In the SuperTwin repository, you will find pmu_demo.py file which shows an example of how to generate a dashboard.
In this file, a superTwin instance is created by giving the IP address of the computer that you want the test to be conducted on as a parameter.
Later, reconfigure_observation_events_parameterized function is called from the supertTwin object by giving the txt file which
includes the performance observation metric names to test.This function reads the txt file, saves the observation metrics. It
generates a new perfevent pmda configuration, connects to remote host via ssh, creates a connection with MongoDB and finally registers
the SuperTwin state to database.
Then, execute_observation_batch_parameters is called from the same superTwin instance.
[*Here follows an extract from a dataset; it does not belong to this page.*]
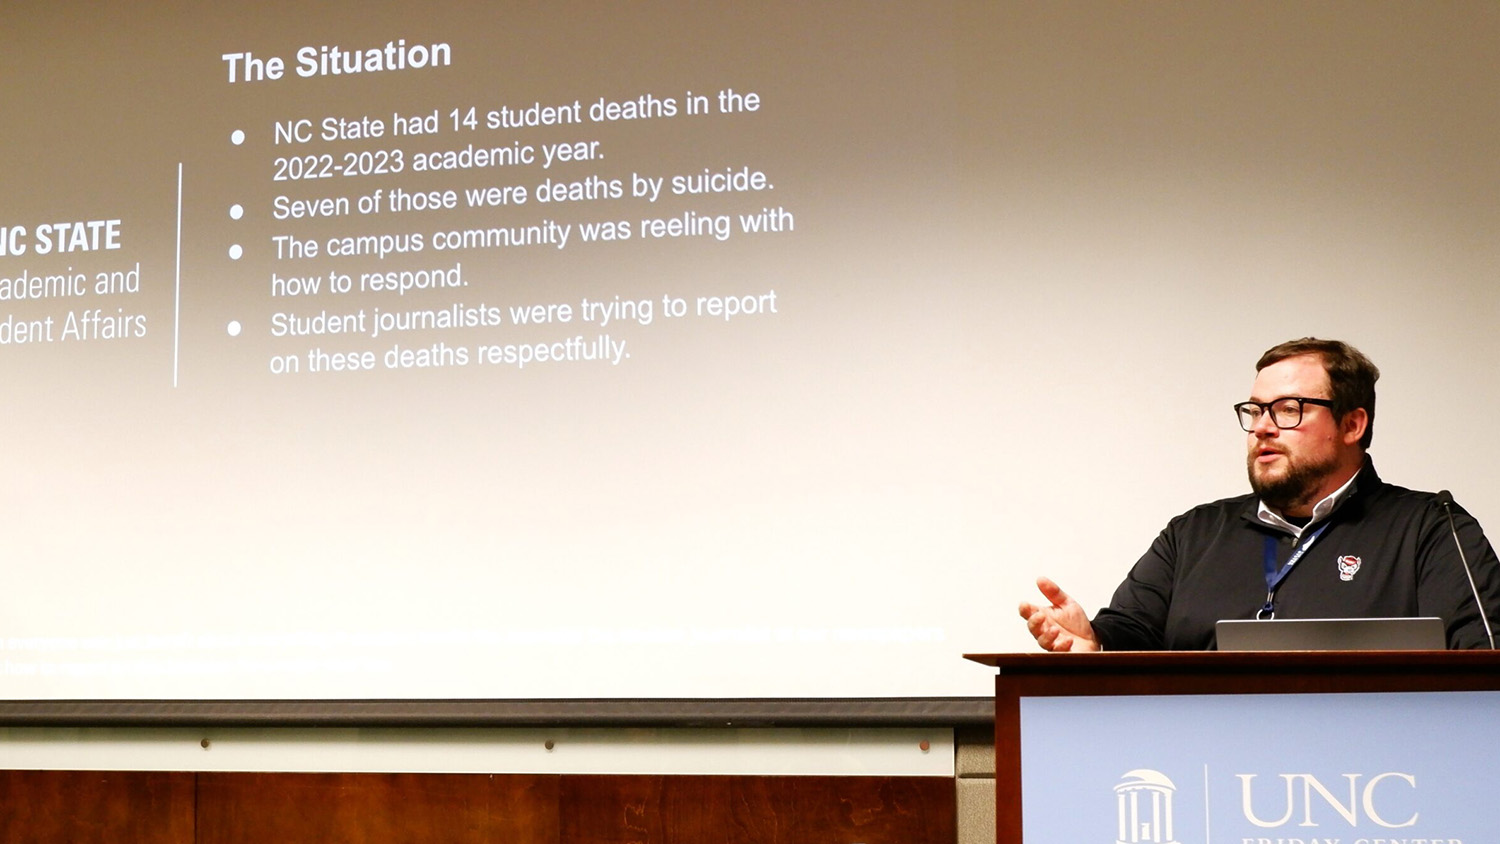 Ben McNeely, who advises Nubian Message and Technician, speaks to UNC administrators about the vital role their student media can play in addressing mental health issues on campus.

This functions takes three parameters as
1) path: path in the super computer where the executable commands work.
2) affinity: likwid-pin which is a command line application to pin a sequential or multithreaded applications to dedicated processors is used here along with necessary options.
3) commands: a list of commands where each command is in the form of <given name>|<executable command>. The <given name> will be the indicator of this command, it will be shown on Grafana generated graphs.
This function executes a batch of observations, where each element in the batch is observed individually. It configures InfluxDB server and PCP, connects to remote host via ssh and runs the commands on remore host, saves the outputs on InfluxDB, creates dashboard on Grafana, queries the observation results from DB and uploads it to Grafana.
In the end of this run, a url to access the Grafana dashboard will be printed on the screen. Graphs and mean charts for each observation are generated on this dashboard.